You find a bird on Cedar Creek or the Chick by the rd and you will have company.  I didn't say don't hunt him. Me personally I ain't hunting him.

I found one on a WMA right by the rd.  Got there an hour before light and just knew that bird would pitch and go away from the rd. As daylight came he sounded off.  I was set up about 70 from him.  Que every hunter within range.  I had 2 come down the hill to the left. I waved and they kept coming. If I could see em so could the bird. A guy came from the right and one from in front and behind.  The bird hushed.

I get to the truck and I swear there is a guy set up 20 yards or less from the hood of my truck.  There was a truck beside mine , one across the rd, and one 100 yards away.  There wasn't a truck around till he started gobbling. 

Maybe different WMAS have e more pleasant people. But the ones I hunt have a lot of rd hunters...especially the first few weeks.  They go to a spot and listen.  Don't hear anything ride further and listen.  Now, which bird is he going to hear...the one far off or the one right beside the rd?


----------



## Jody Hawk (Feb 26, 2015)

six said:


> Hunt close to the road.  Everyone else walks miles and miles to the same spot.

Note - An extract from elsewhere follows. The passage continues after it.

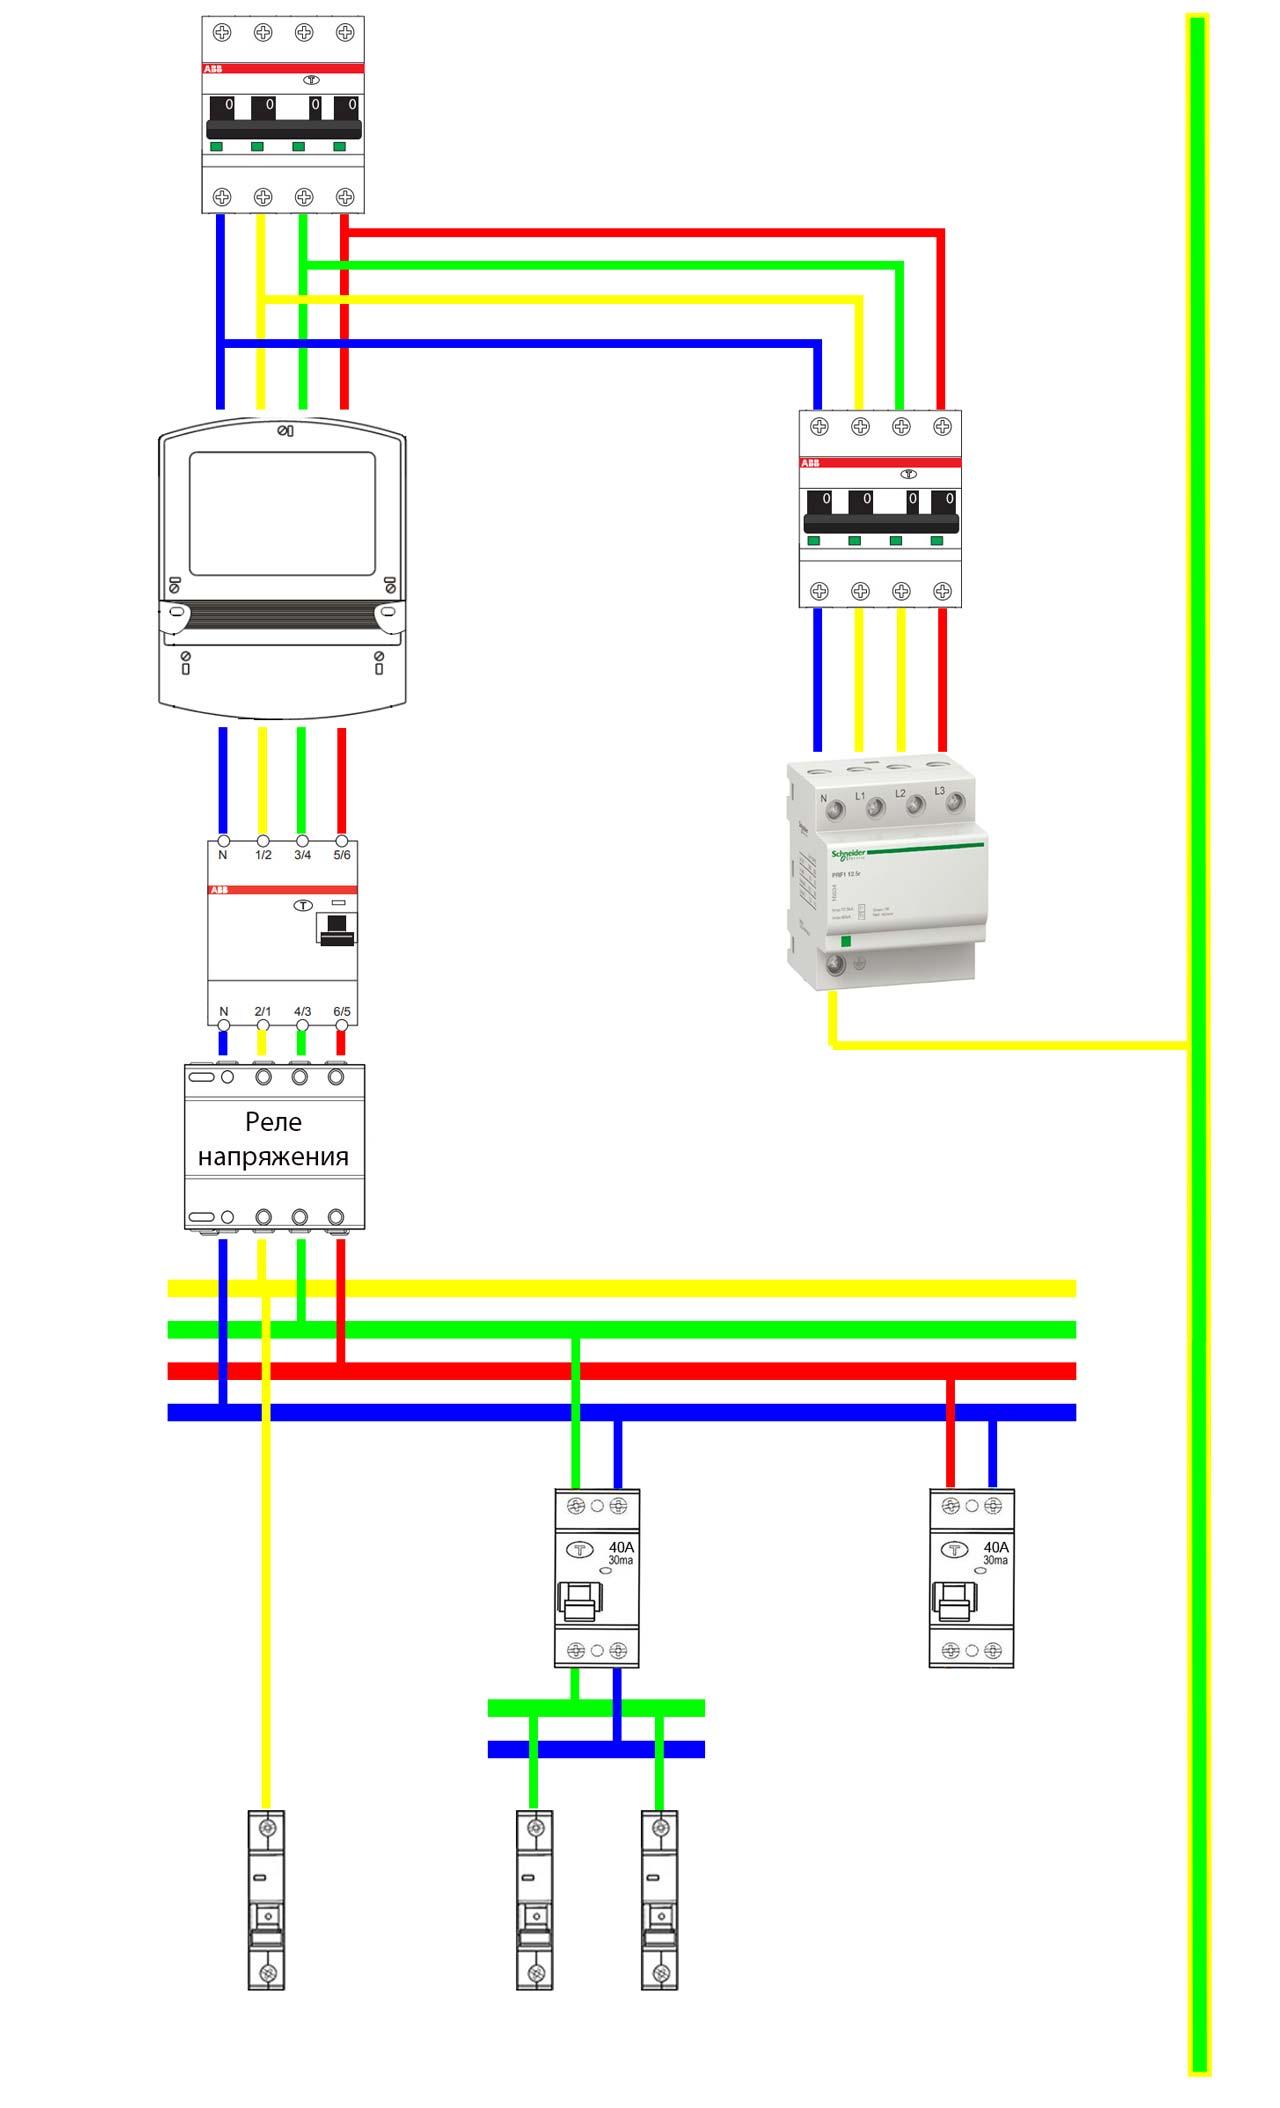 схема электрощитка с реле напряжения узип узо и автоматами для трехфазного дома

Yep. Sometimes folks are so busy trying to get away from other people that they get away from the turkeys too!


----------



## sman (Feb 26, 2015)

Here is one more thing I do.

If I'm at a gate and there's a lot of land behind the gate.  I get out early and walk till I can barely see my truck.  I stay there as long as I can to see if anyone shows.  If they do I go to where the rd splits or a couple yards before where I want to hunt and wait.  If the other hunter shows, I tell him where I'm going.  If you wait at the truck, some guys will pull up and jump out and run down the rd and not say a word.  Never had one not stop and ask while I'm in the rd.


----------



## pnome (Feb 26, 2015)

Lots of good advice for you in this thread.   

Not sure if anyone mentioned this yet but my advice is to call sparingly and don't bother with the locator calls.  Unless you are trying to signal to another hunter.  Just get up on a ridge and listen.   

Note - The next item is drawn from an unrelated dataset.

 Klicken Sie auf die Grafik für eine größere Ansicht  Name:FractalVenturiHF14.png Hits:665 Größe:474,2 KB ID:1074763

When you start calling to a bird, no need to get fancy, I've found just a cluck or two will work.  It's been my experience that public land birds are not as vocal.  Even the hens.  I've never heard a yelp on public land that wasn't from another hunter. 

And then, there are times when you will just plain luck into a hot gobbler and you can almost do no wrong.


----------



## AliBubba (Feb 26, 2015)

I like to hunt with a buddy on WMAs. I actually have come across other hunters, asked if they wanted to hunt together, and had success. WMA toms are very wary so the caller/gunner strategy and alternate calling approach has worked well for me and/or my buddy.


----------



## GaHitman (Feb 28, 2015)

miarob said:


> This was more of what I was looking for as far as info on Dilane WMA. Unfortunately, my post was a joke to a few. I understand that I may have made it sound as if I was looking for specific location of birds but, I really wasn't. This post does have useful info though.



Dilane used to be good until GON posted all those wma's rankings. Now it's a circus! People everywhere, especially on weekends! Just go to the fair...ride a few rides and call it a day! I bet there will be less people there! People on are right! You can be working a bird, after he gobbles a few times it's like ringing a dinner bell.....here comes the disrespectful hunters!!!


----------



## bowboy1989 (Mar 2, 2015)

GaHitman said:


> Dilane used to be good until GON posted all those wma's rankings. Now it's a circus! People everywhere, especially on weekends! Just go to the fair...ride a few rides and call it a day! I bet there will be less people there! People on are right! You can be working a bird, after he gobbles a few times it's like ringing a dinner bell.....here comes the disrespectful hunters!!!



dilane used to be awesome i could care less about goin there now


----------



## robert carter (Mar 2, 2015)

Less calling...more walking...stay later..and know a whole lotta spots.
 even on private land I kill most of my birds after 10:00. On public land I usually roll in after daylight. If one of your spots does not have a truck if you are there later it probably wont have anyone else show up. I bow hunt only and have killed several setting up on secluded food plots in the afternoon....with no calling. RC


----------